Maina Njenga means many things to different people. We expose the man, the myths, and reveal why this meek lamb of the Lord lies with politicians
With a dreamy look in his eyes, former Mungiki leader Maina Njenga lifted a bullet-riddled jacket a fortnight ago and narrated how an angel descended from on high and shielded him from the 30 bullets fired to his person.
It is the latest piece of fiction from the former spiritual leader of the criminal gang reputed for beheading its victims, and in the process, made a small fortune for its leadership. It is the tussle over the control of the “Mungiki estate,” that analysts say now threatens to subsume it.

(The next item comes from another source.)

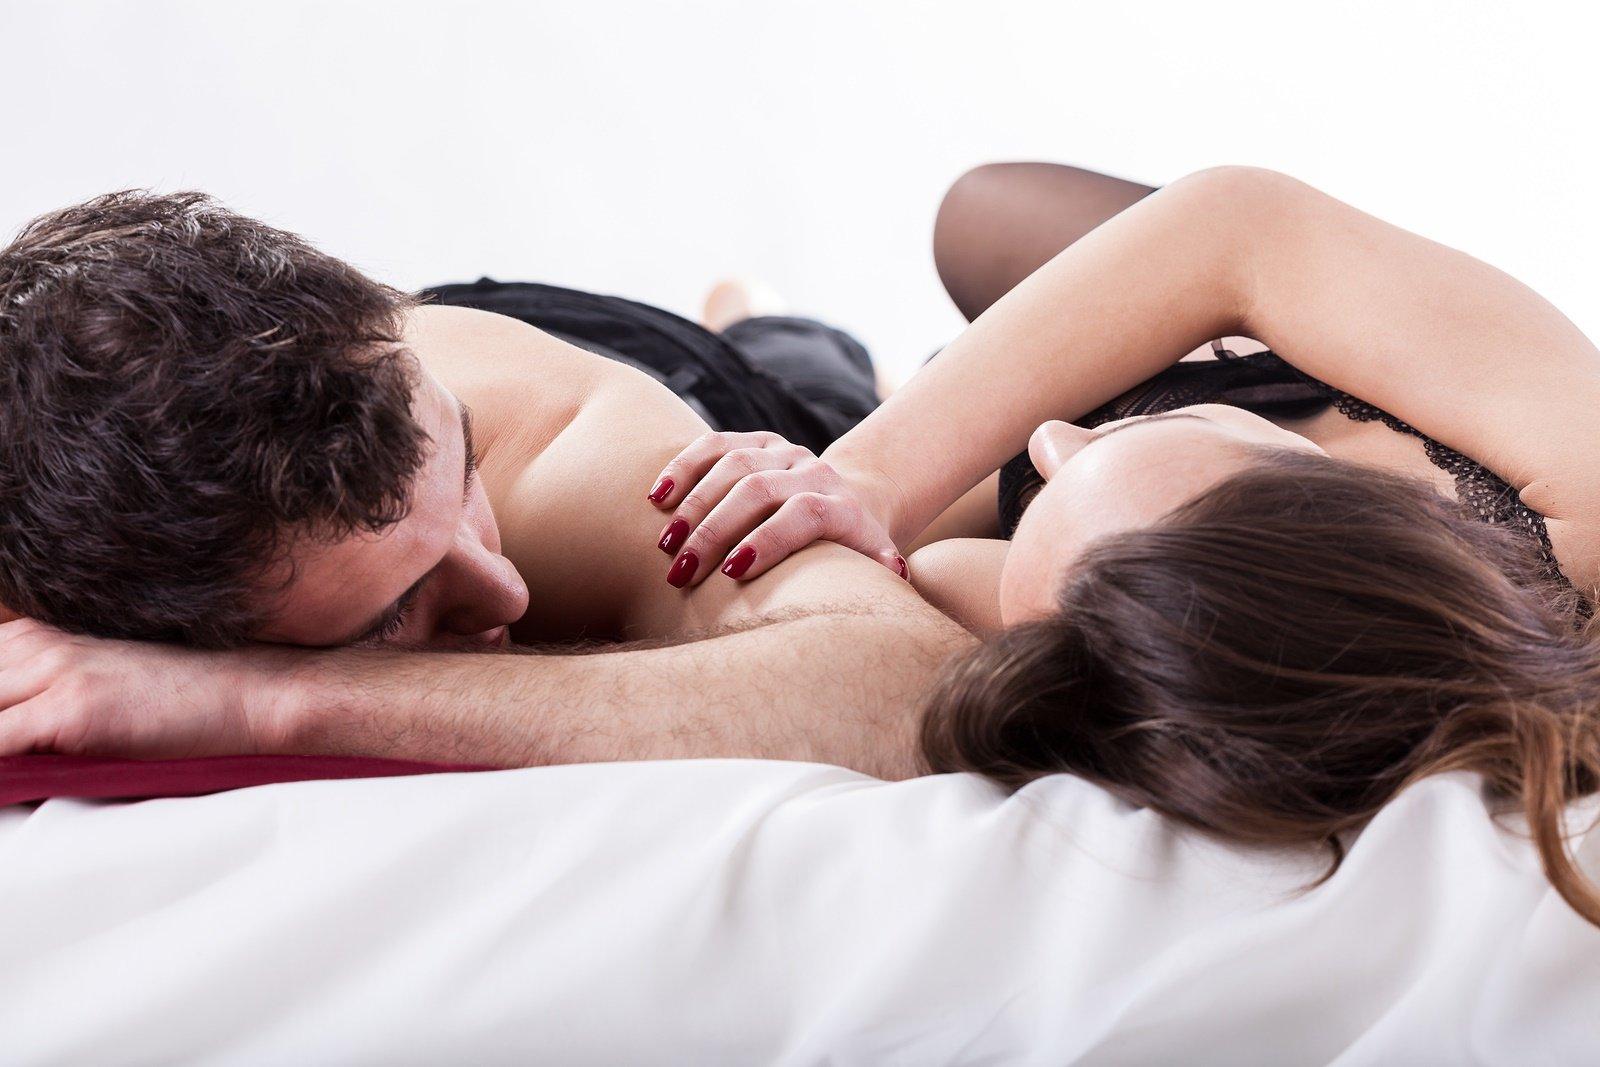 zsarolás milf szex fiatal fekete szőrös punci képek

More yarns have been spun around Njenga’s past life. Born John Maina Njenga on January 2, 1969, the fourth child of Kamunya Njoroge, Njenga’s alleged mystical powers started early.
When growing up in the plains of Laikipia, Njenga enrolled at Olng’arua Primary School in Laikipia West and later Ortum Secondary school before he forged his own transfer letter to Jomo Kenyatta High School to join Form Three.
The apple, the saying goes, never falls very far away from the apple tree, for his father, Kamunya Njoroge, had been a traditionalist who inducted his son into the old ways of Gikiuyu traditional worship.
Njenga became popular among students after a white dove allegedly perched on his head at school and later bestowed him with prophetic powers, enabling him to forecast news to students, and which was later relayed full verbatim on the Voice of Kenya radio.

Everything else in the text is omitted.